Please restate each line of the data that follows word for word, skipping any image.

▶ _Provided material_
[Start of section]

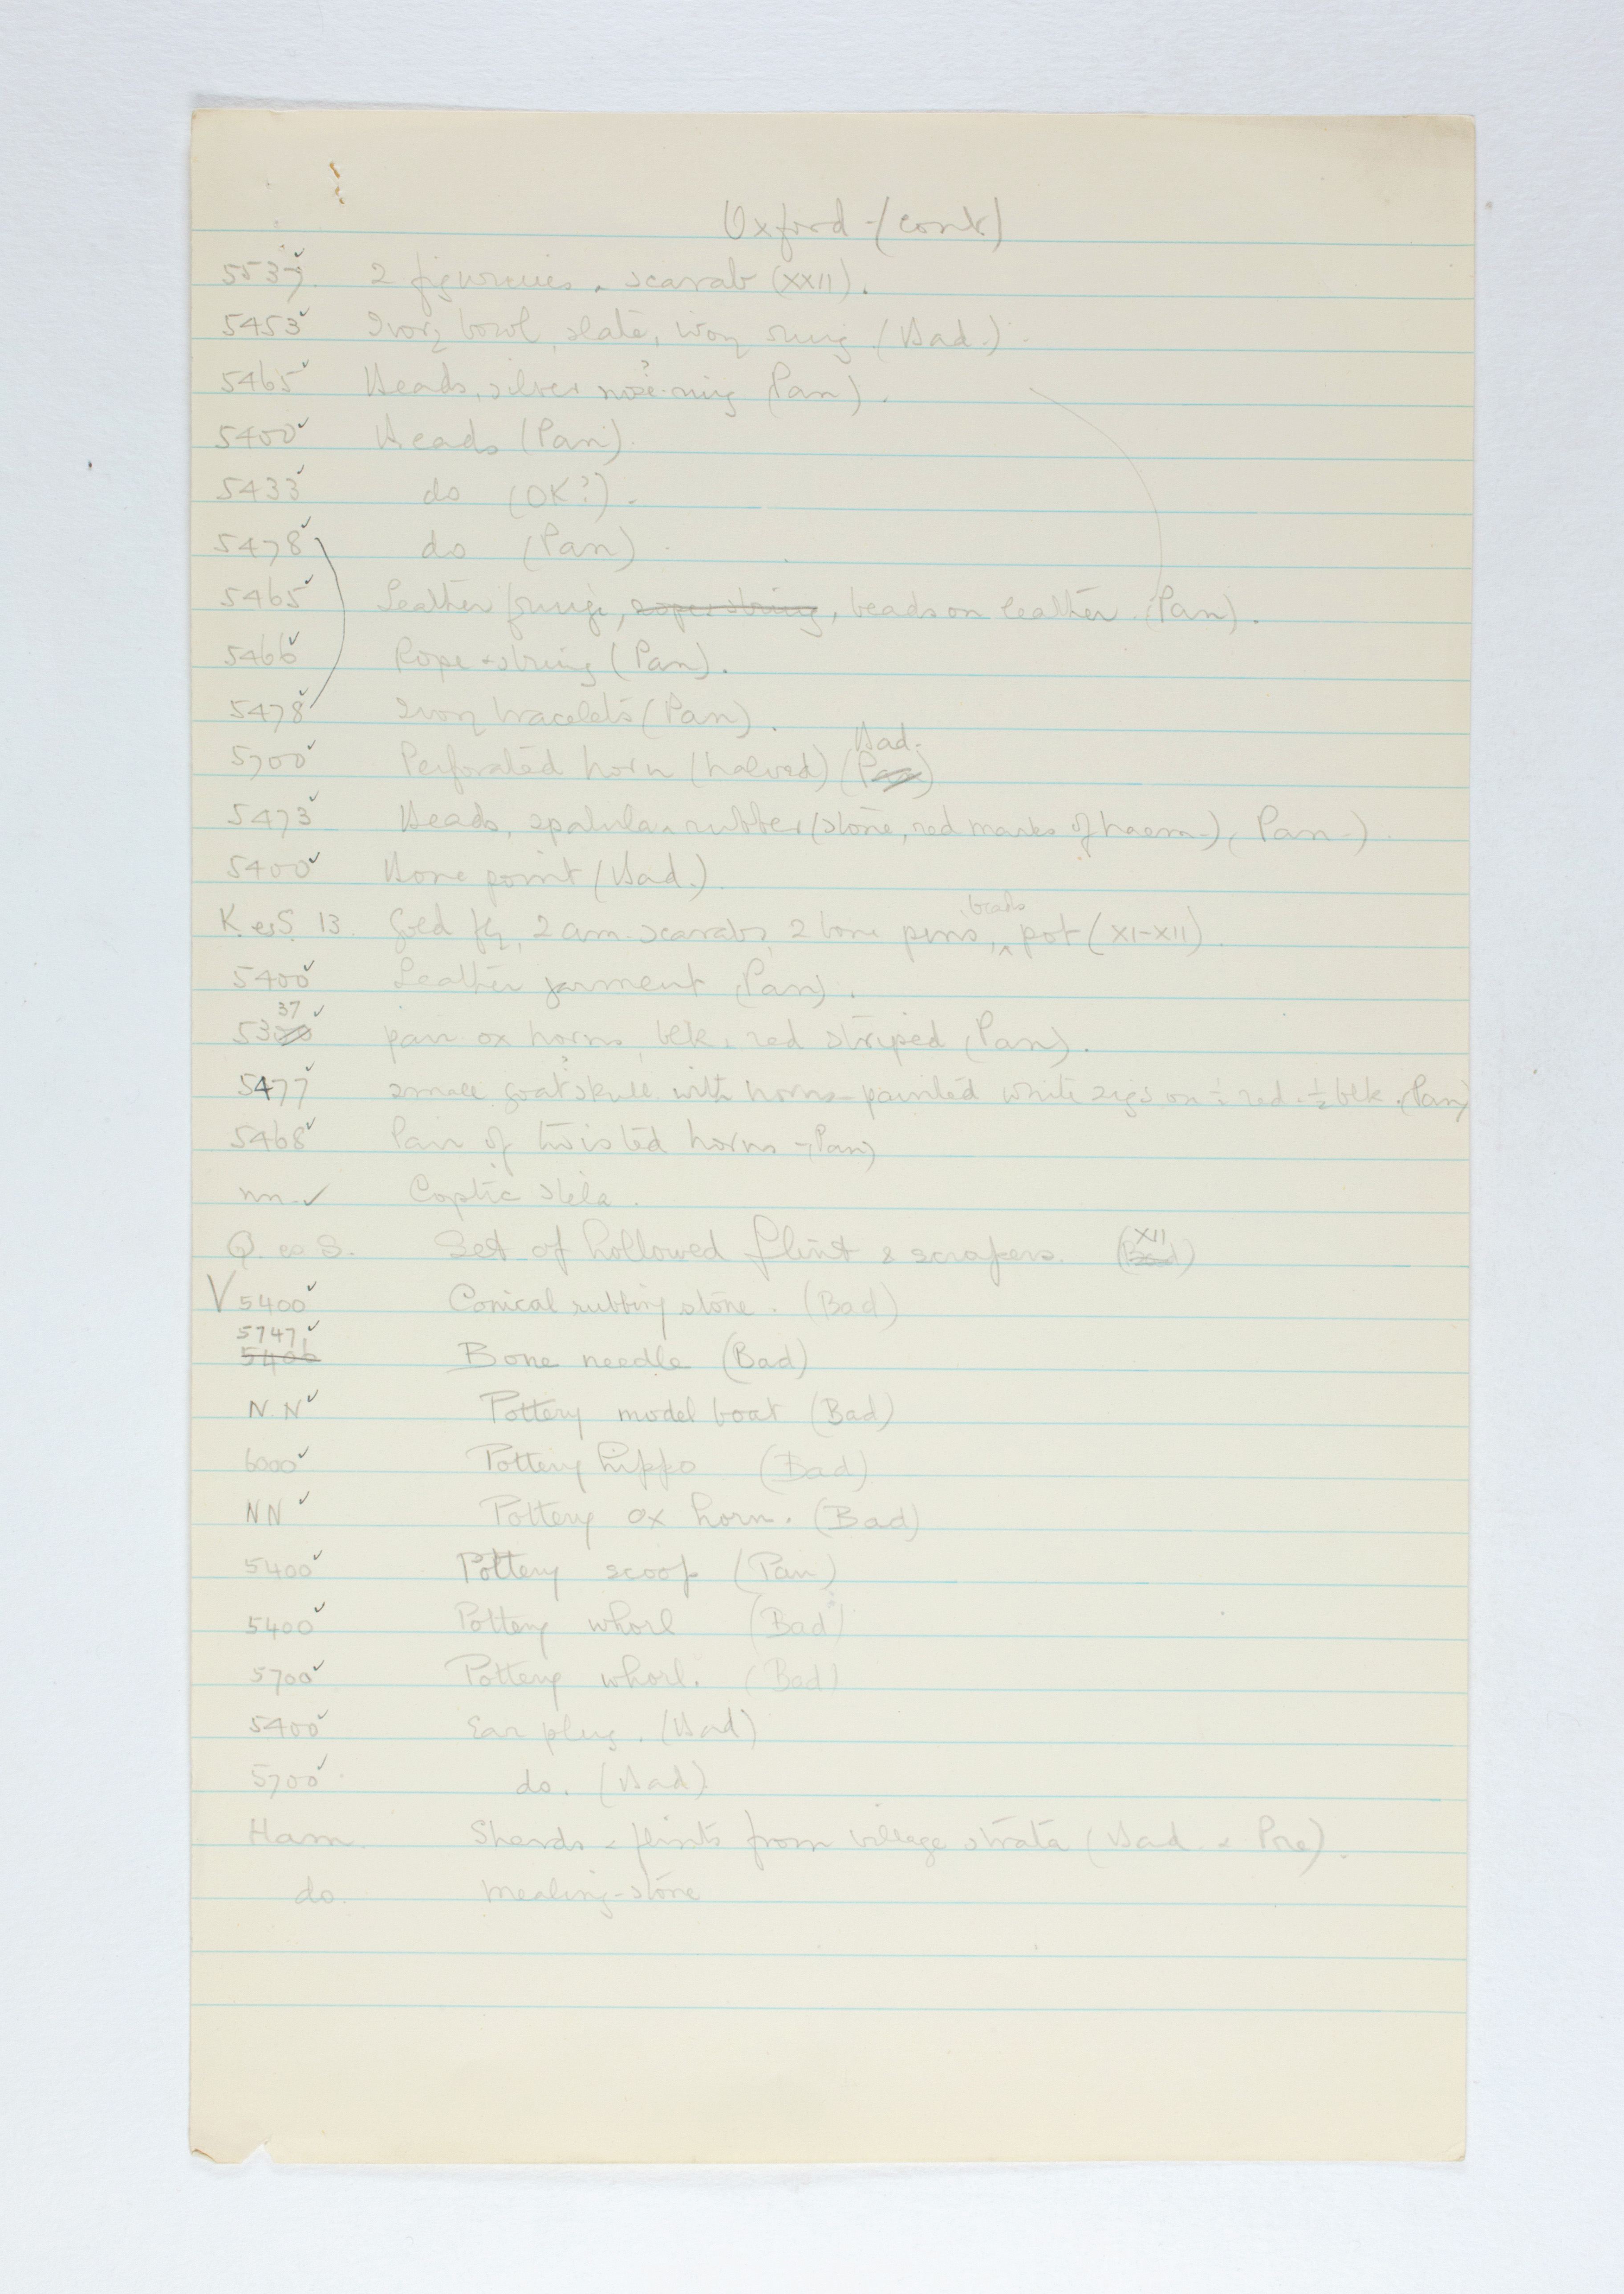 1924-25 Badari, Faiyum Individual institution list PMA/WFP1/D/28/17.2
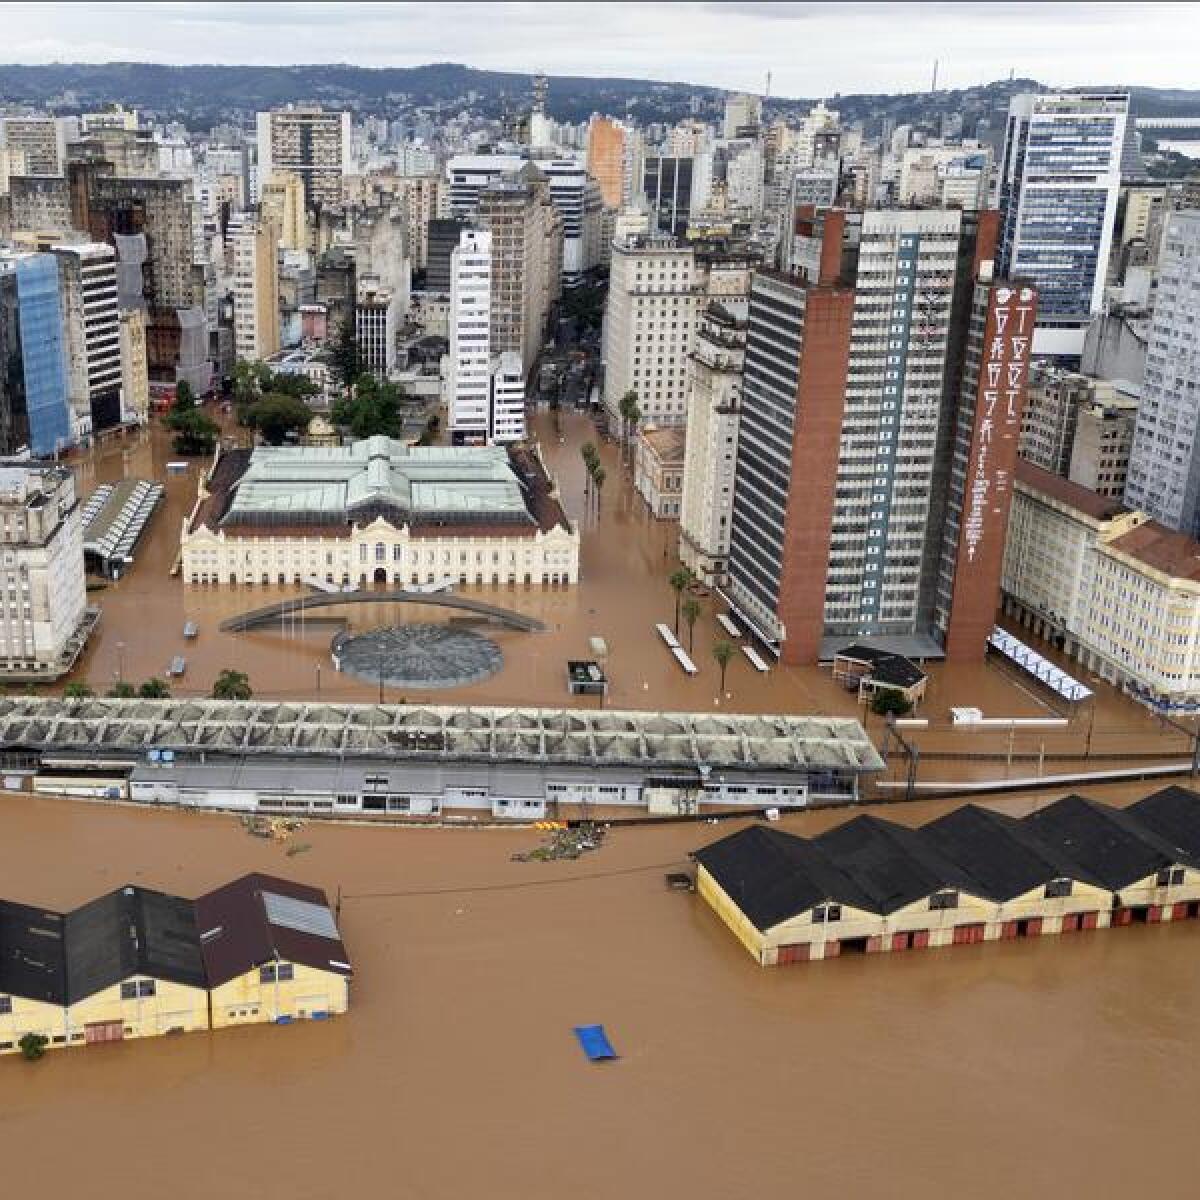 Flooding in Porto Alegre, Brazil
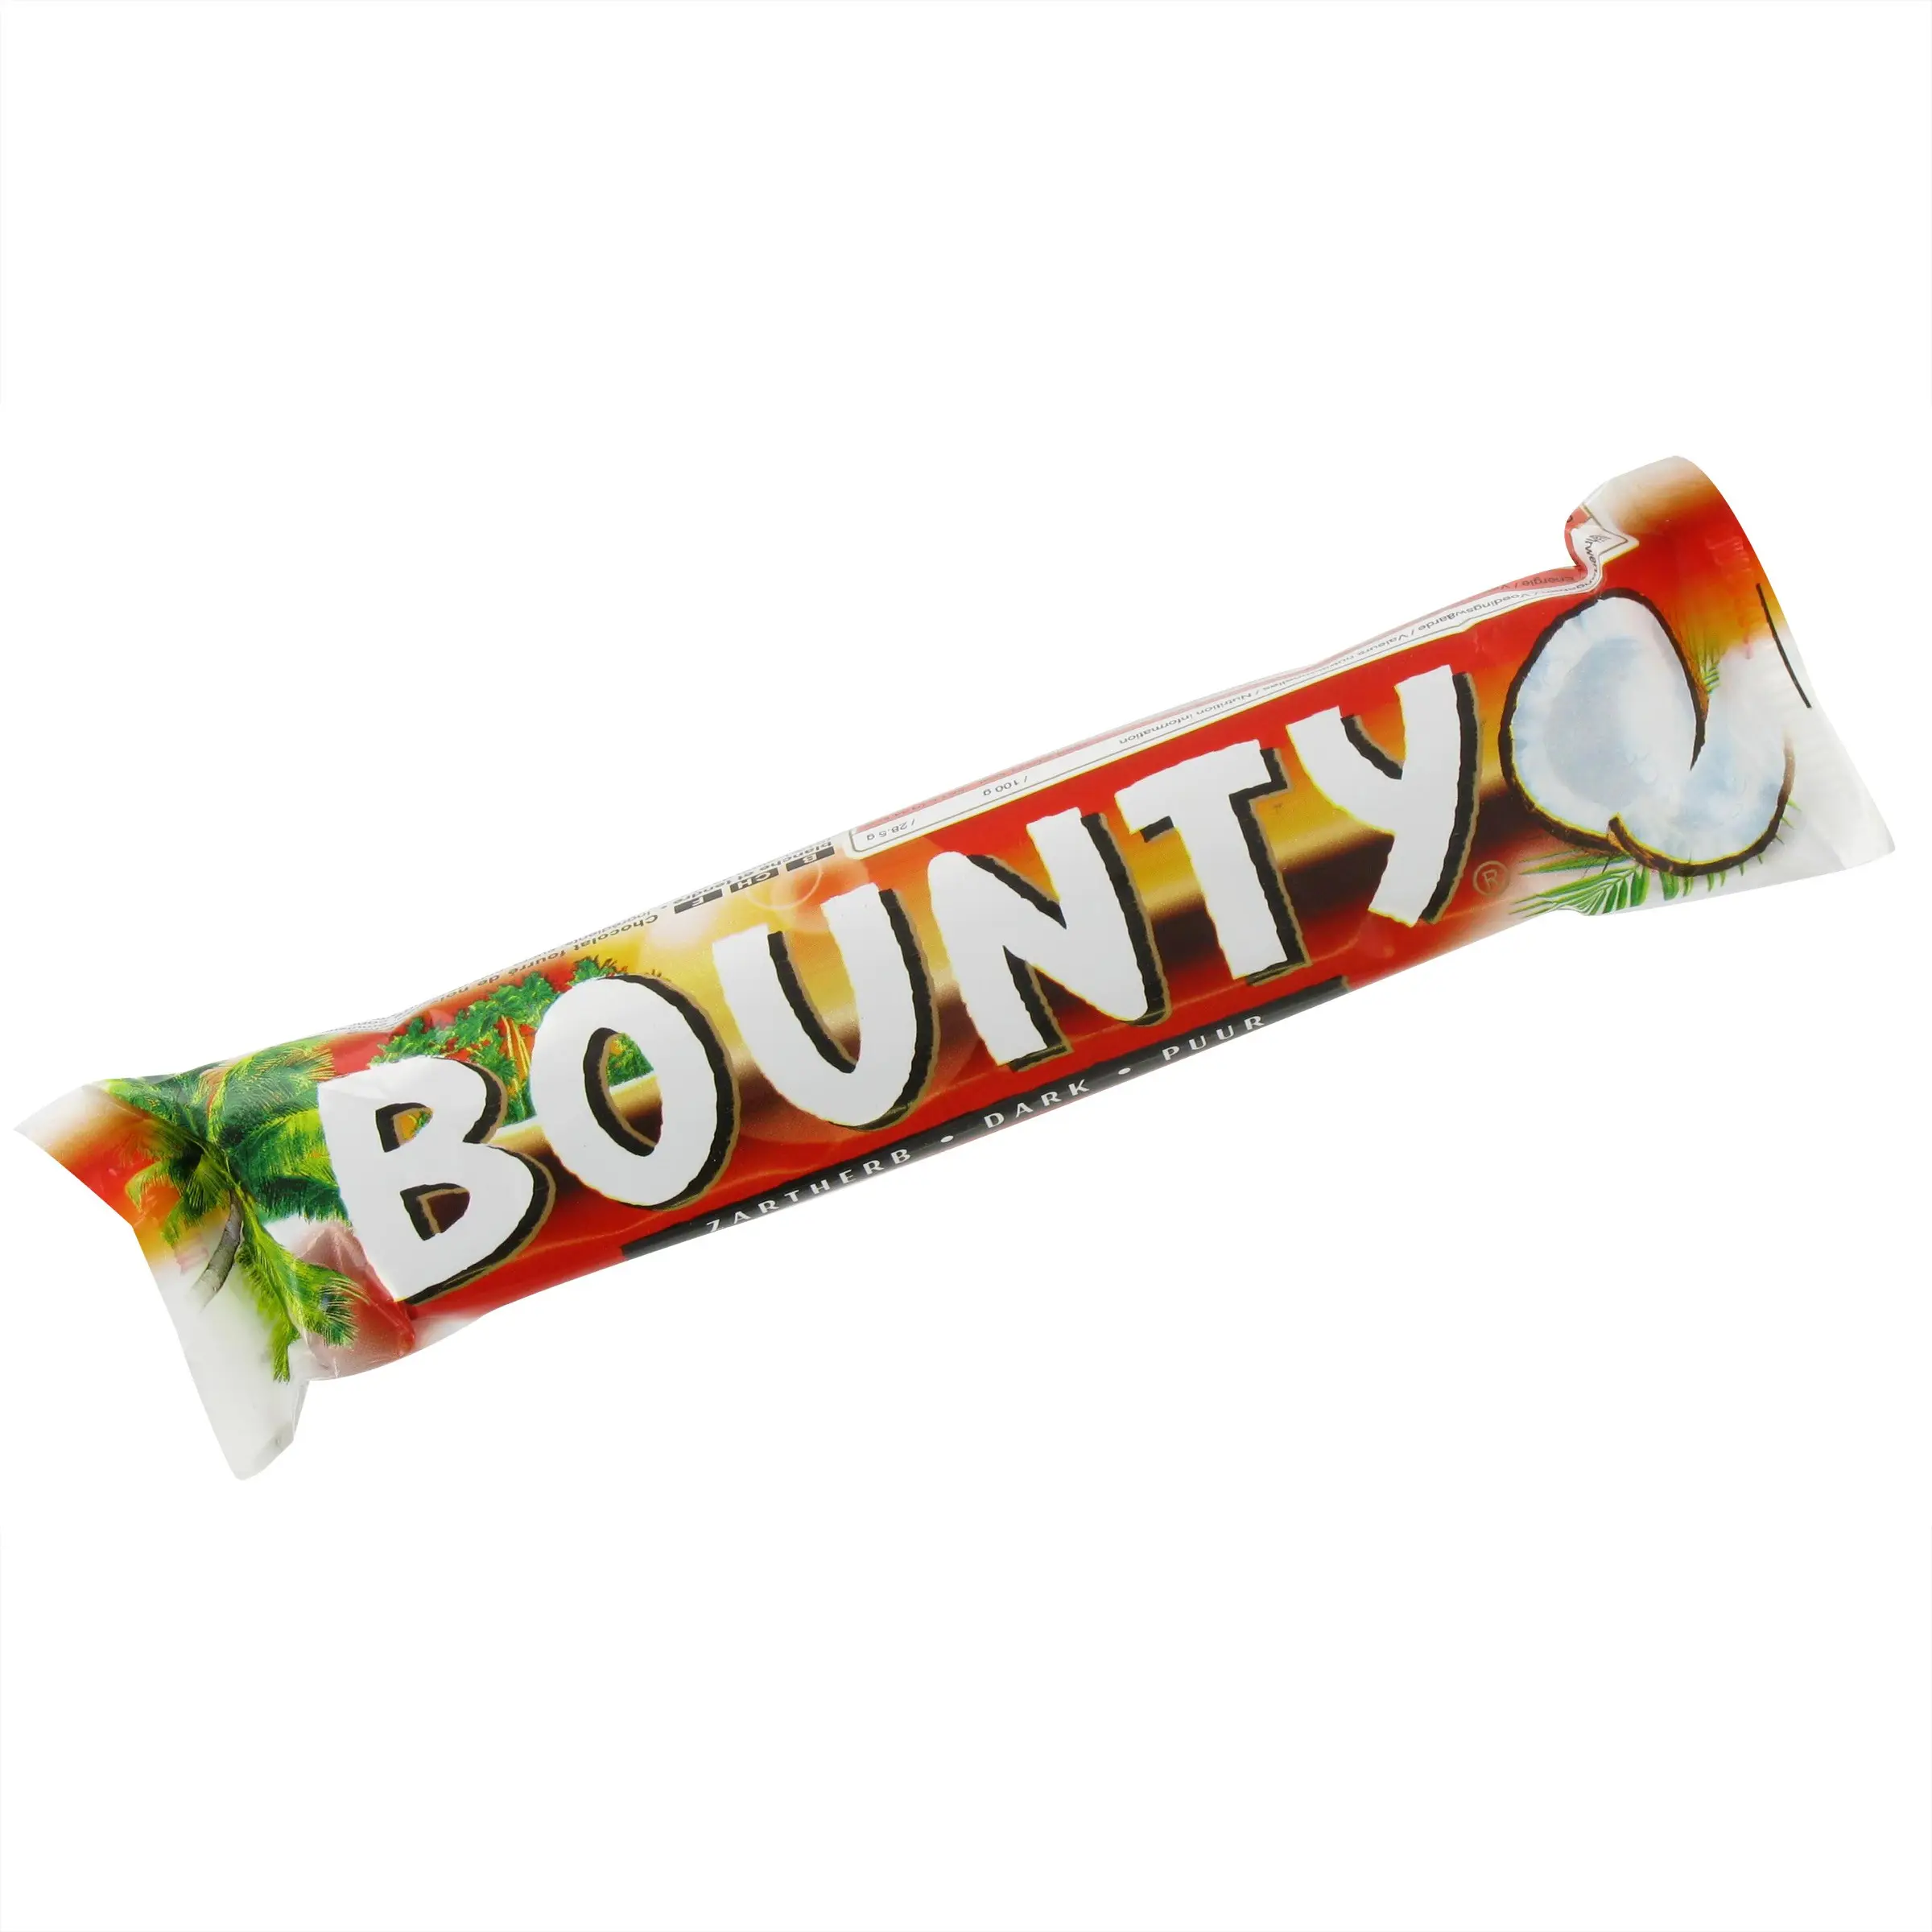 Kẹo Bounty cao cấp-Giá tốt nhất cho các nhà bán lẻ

[End of section]

▶ _Exercise response_
 1924-25 Badari, Faiyum Individual institution list PMA/WFP1/D/28/17.2
 Flooding in Porto Alegre, Brazil
 Kẹo Bounty cao cấp-Giá tốt nhất cho các nhà bán lẻ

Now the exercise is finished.